Slideshow

How PROSPECTS Partnership helps build resilience of hosts and refugees communities in Lebanon

Despite facing one of the worst socio-economic crisis in decades, Lebanon continues to host one of the highest number of refugee populations. The PROSPECTS Partnership supported by the Kingdom of Netherlands is providing education, employment and social protection support to build resilience and self-reliance of both hosts and refugees in the country.

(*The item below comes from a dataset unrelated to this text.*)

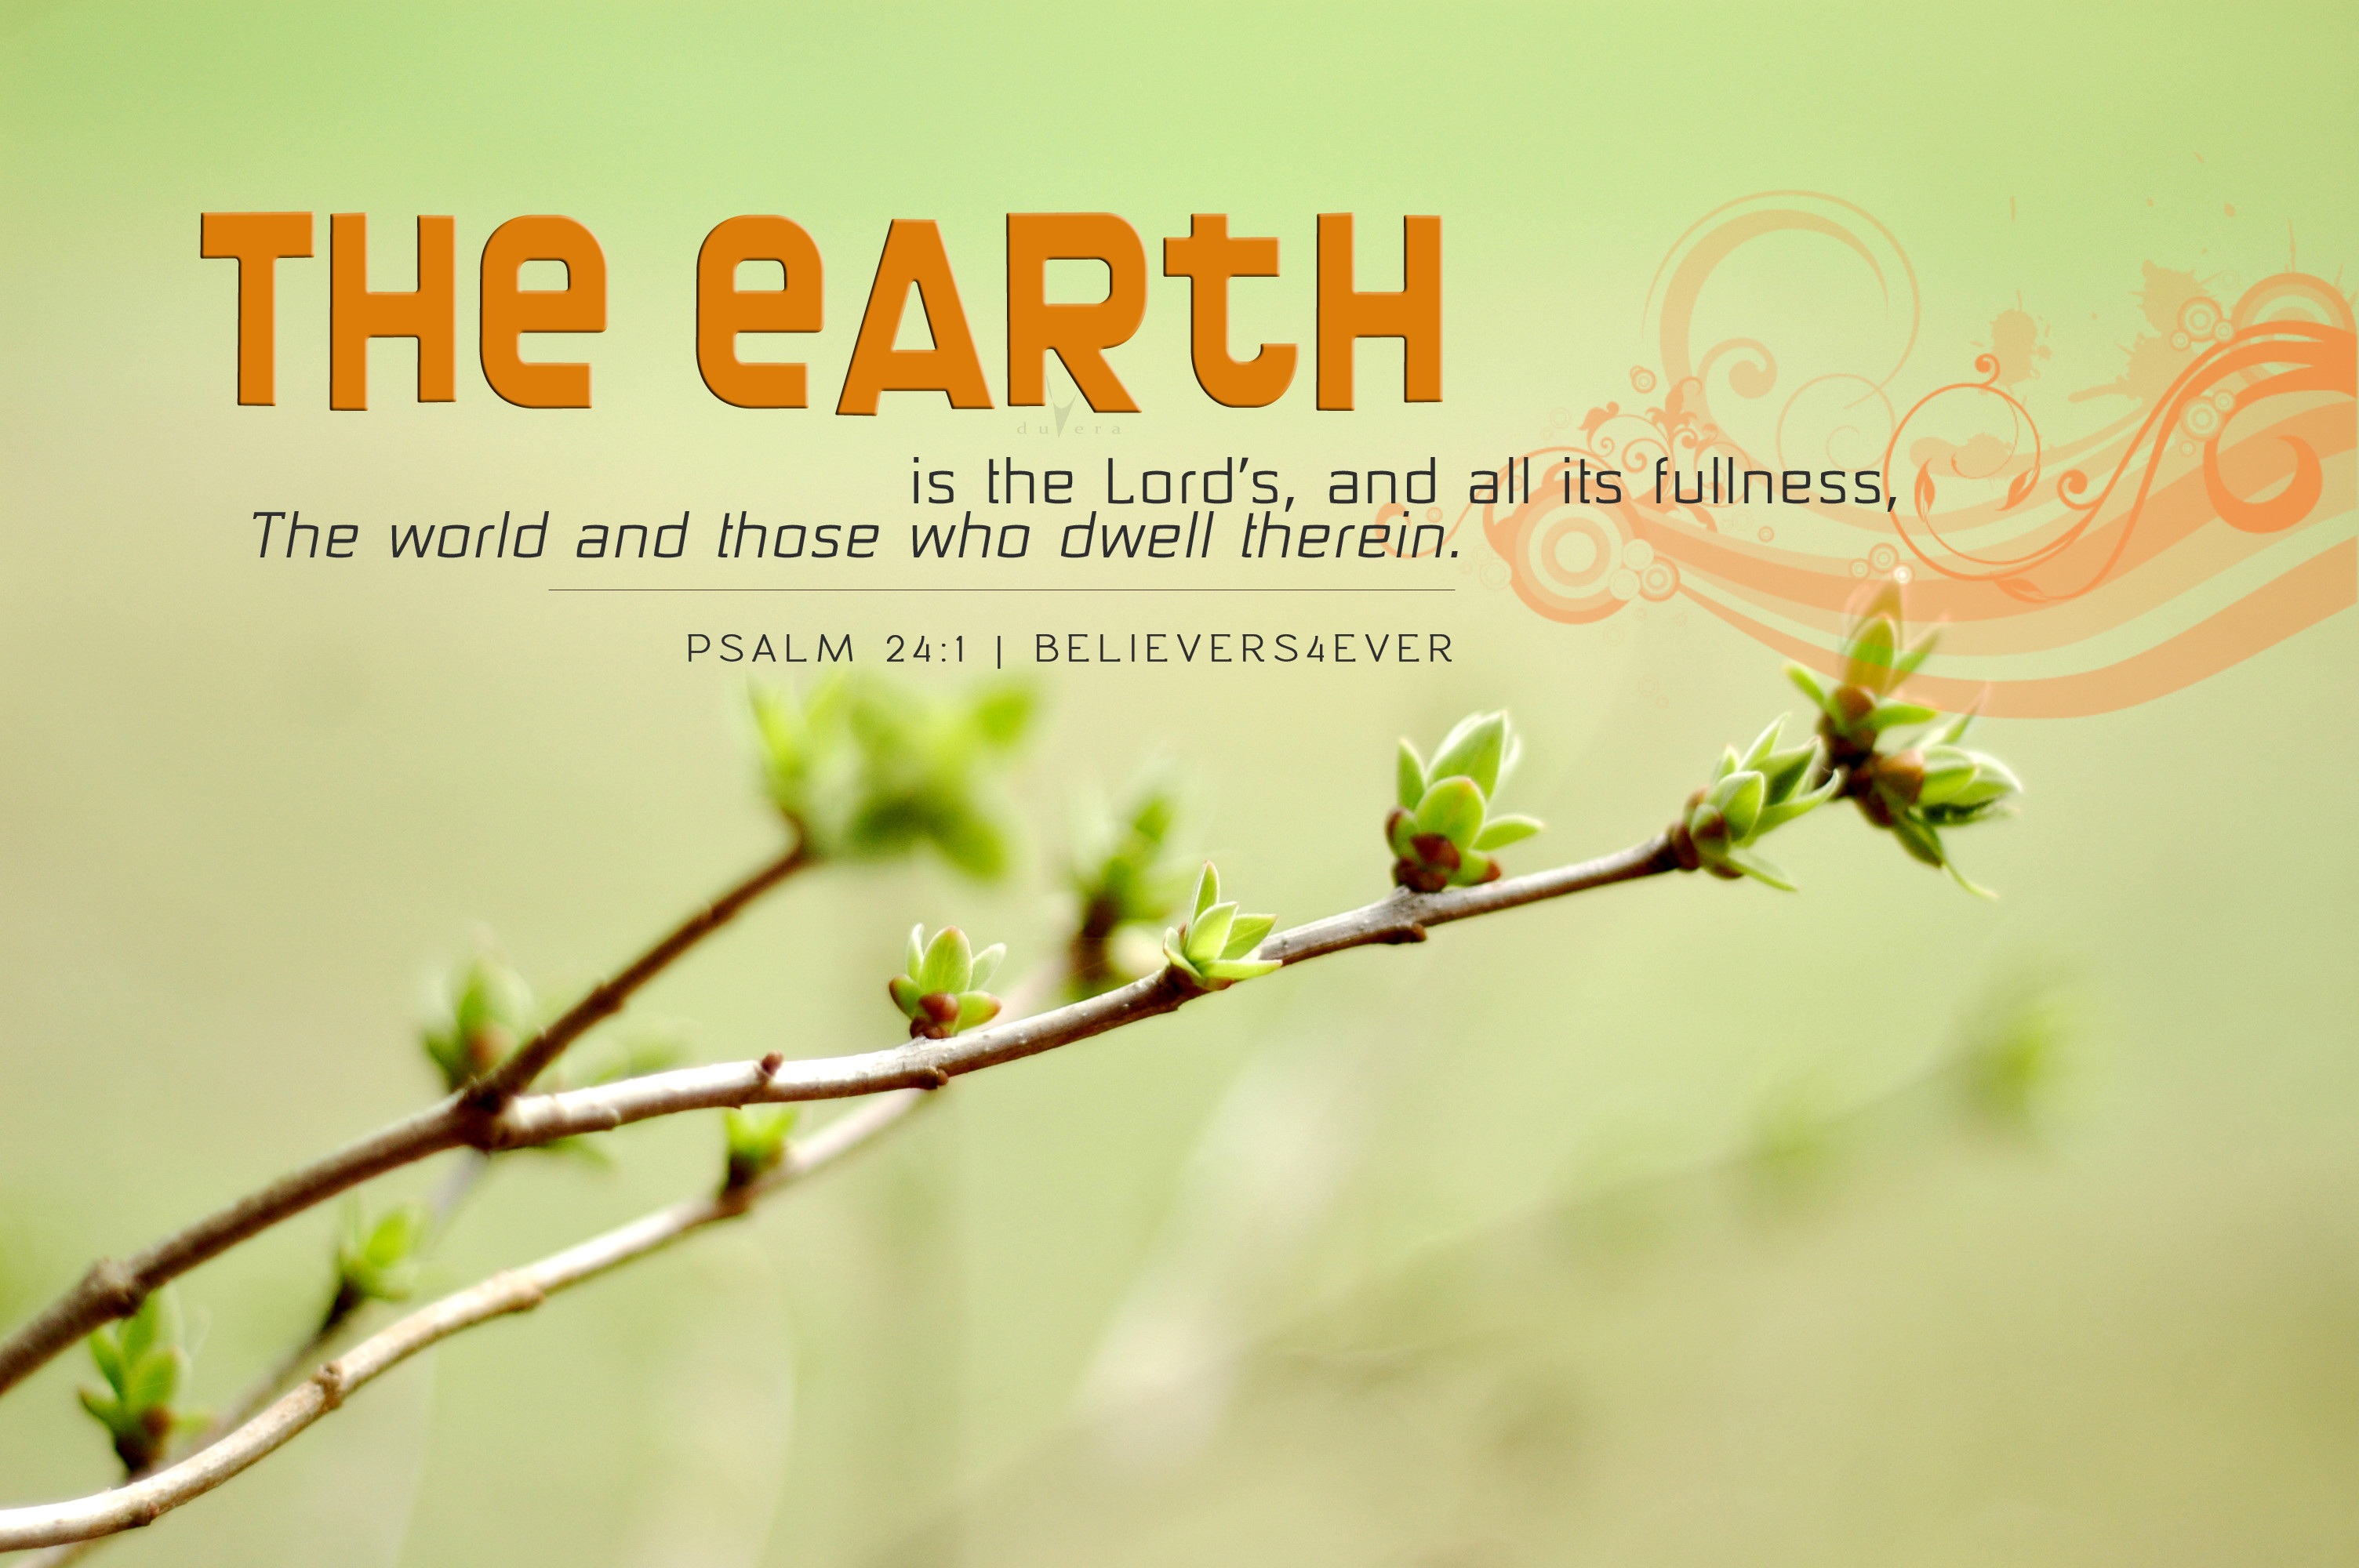 3008x2000 The earth is the Lord's

Article | 21 November 2022
1 A safe space at the Community Development Center

Background

Forced displacement has surged in scale and complexity around the world, becoming increasingly protracted. To rise to the challenge crises response must shift to humanitarian-development approaches, backed by more dignified, inclusive and comprehensive programmes for refugees and the communities that host them.

Lebanon is no exception.

The country’s government estimates 1.5 million Syrian refugees residing within its territory, with 90% of them living in extreme poverty. Lebanon, which is hosting the highest number of refugees per capita worldwide, is also facing its worst socioeconomic crisis in decades. The country’s severe and prolonged economic depression is, according to the World Bank, "likely to rank in the top 10, possibly top 3, most severe crisis episodes globally since the mid-nineteenth century."

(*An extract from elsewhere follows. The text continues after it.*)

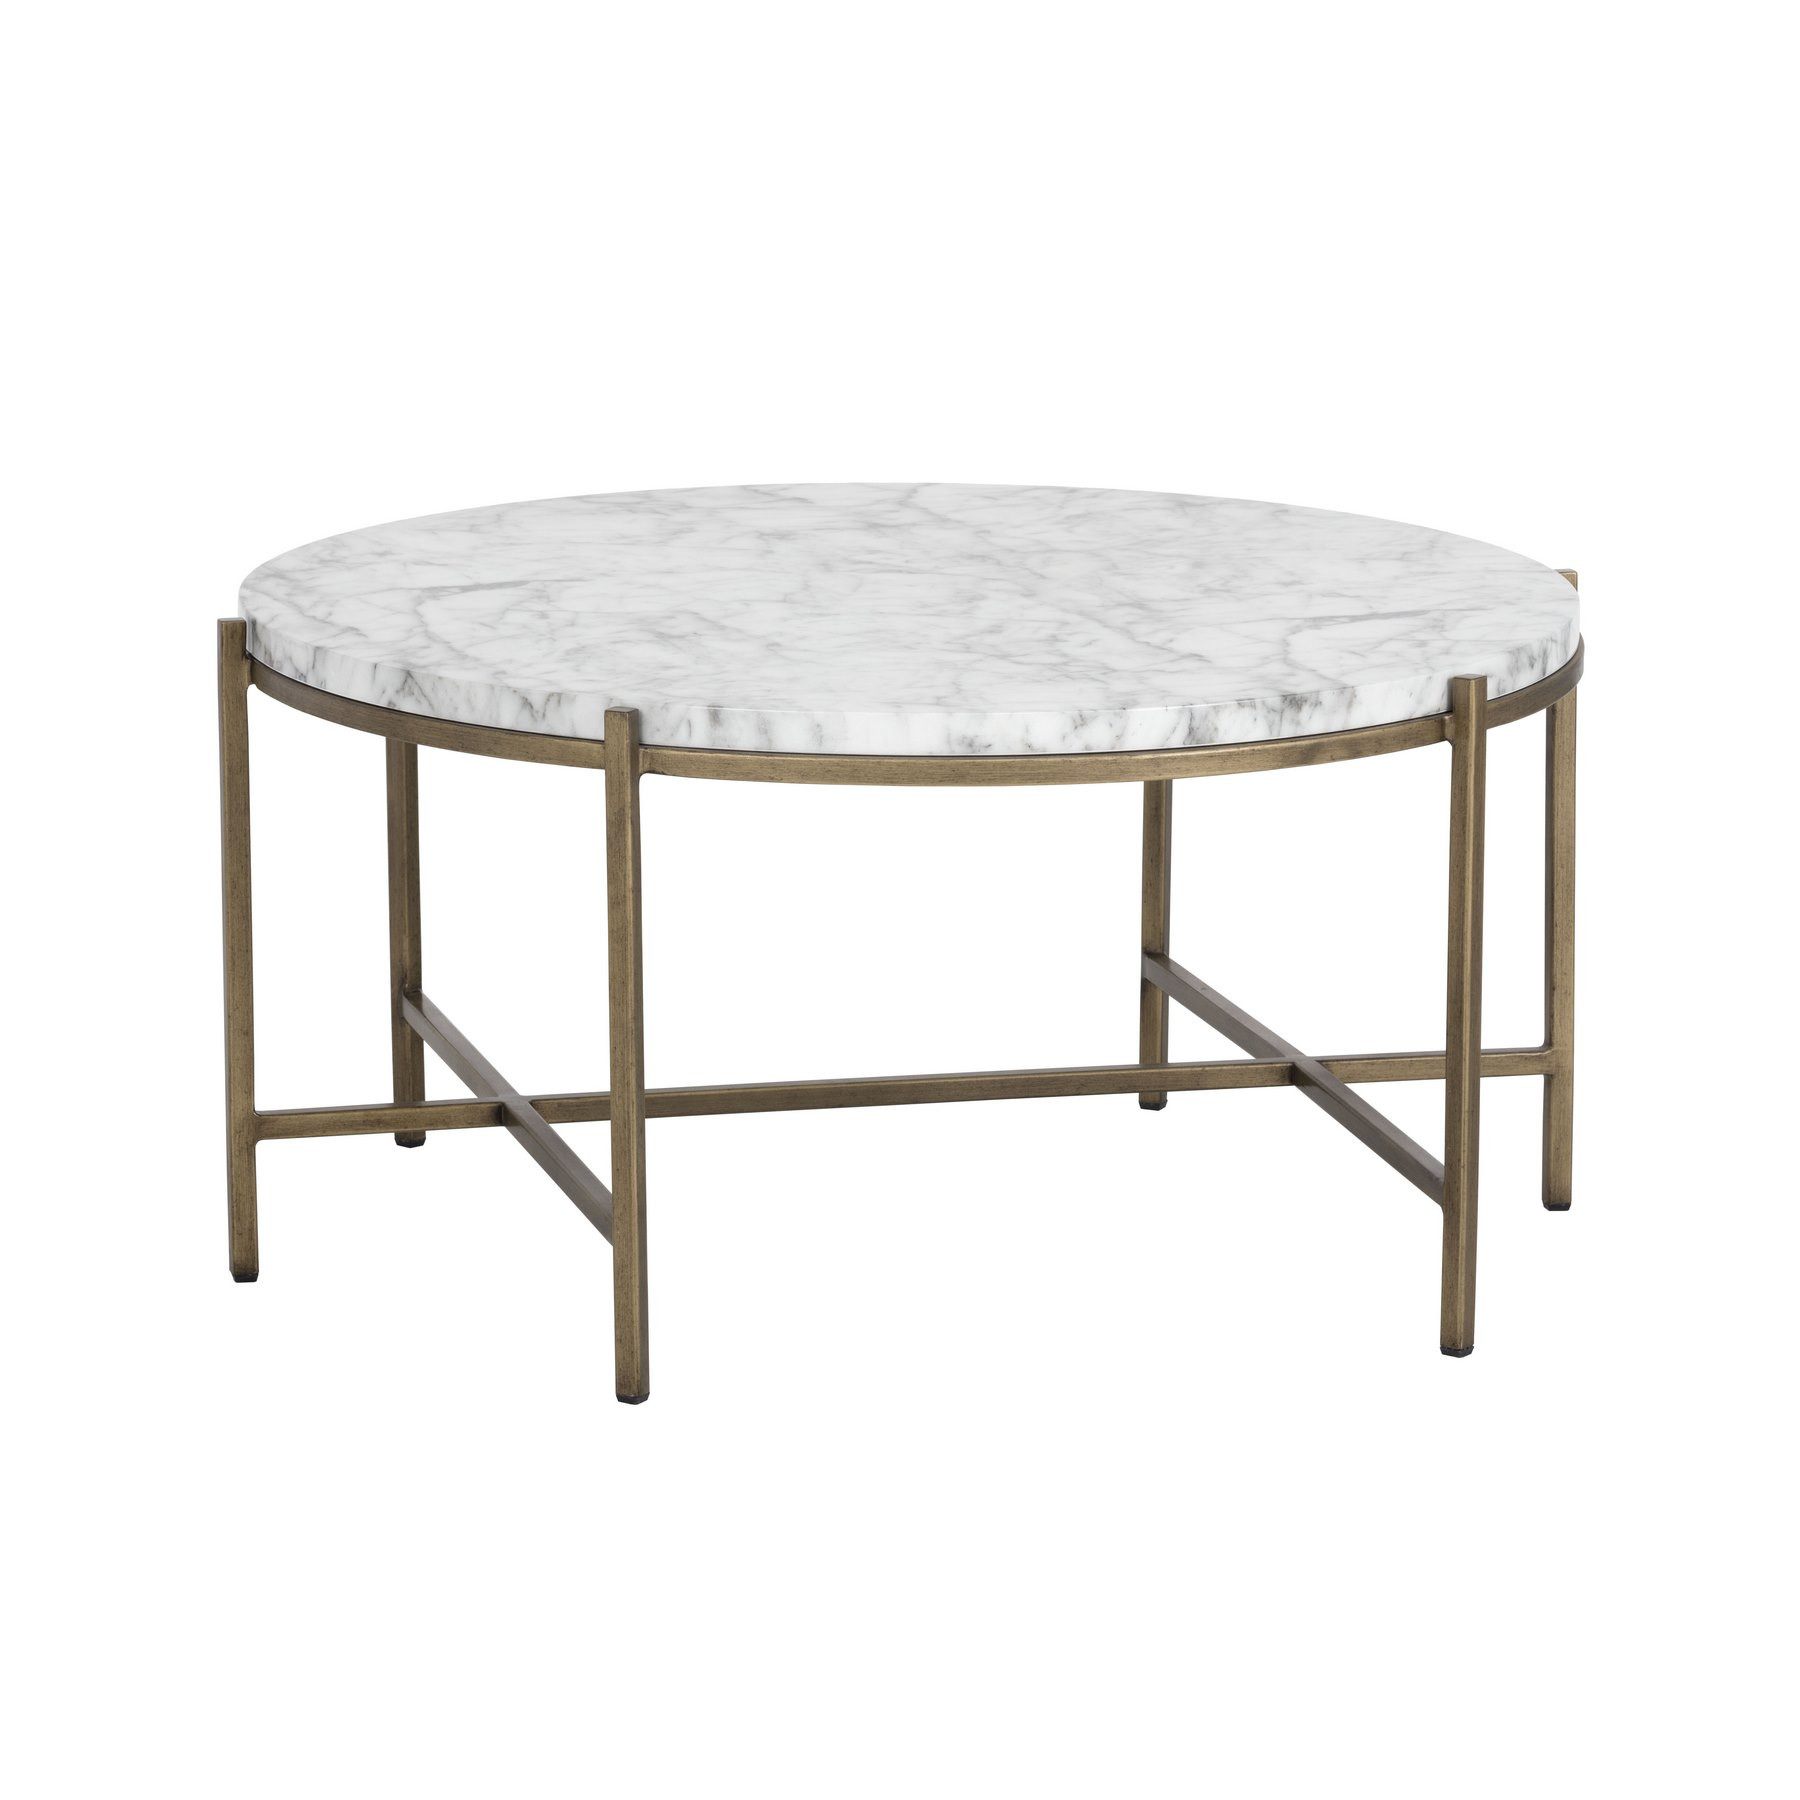 Solana Coffee Table - Round in White by Sunpan

Forcibly displaced persons face specific vulnerabilities in the country, including psychological trauma, lack of employment opportunities and protection risks. Meanwhile, host communities struggle to pursue their own development efforts in an environment that has been transformed by a large influx of newcomers amid its already endemic challenges.

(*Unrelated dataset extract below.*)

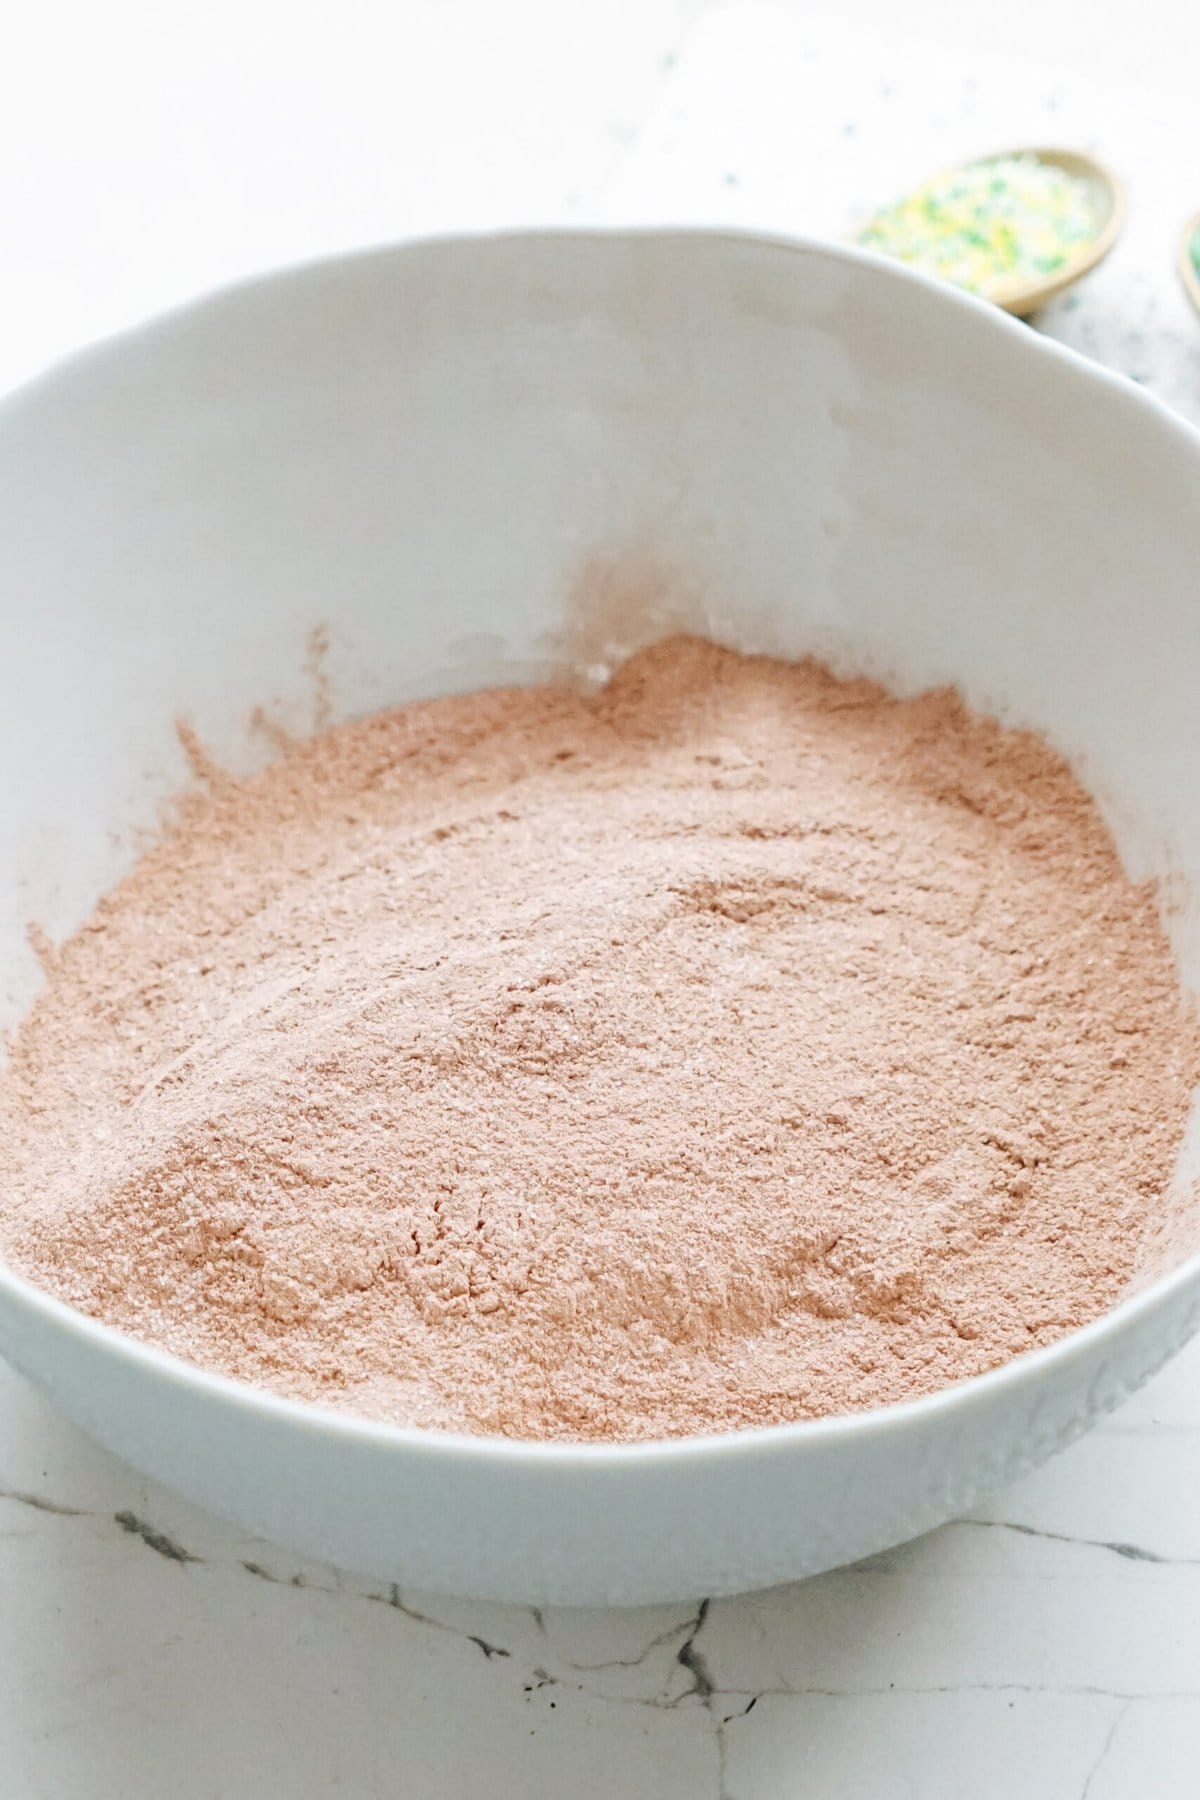 dry cake mix in a white mixing bowl

Robust and effective partnerships in Lebanon that maximize synergies and leverage comparative advantages have become crucial. Self- reliance, empowerment of all people and social cohesion need to be facilitated and strengthened.

With this in mind, the Government of the Netherlands-supported PROSPECTS partnership, comprising of the International Finance Corporation (IFC), the International Labour Organization (ILO), the UN Refugee Agency (UNHCR), the UN Children's Fund (UNICEF) and the World Bank, is jointly acting on multiple fronts across Lebanon.

The partnership aims to reduce vulnerabilities and increasing social stability for refugees and host communities by improving resilience and self-reliance through a joint humanitarian-development approach, focusing on nexuses between access to protection, education and work.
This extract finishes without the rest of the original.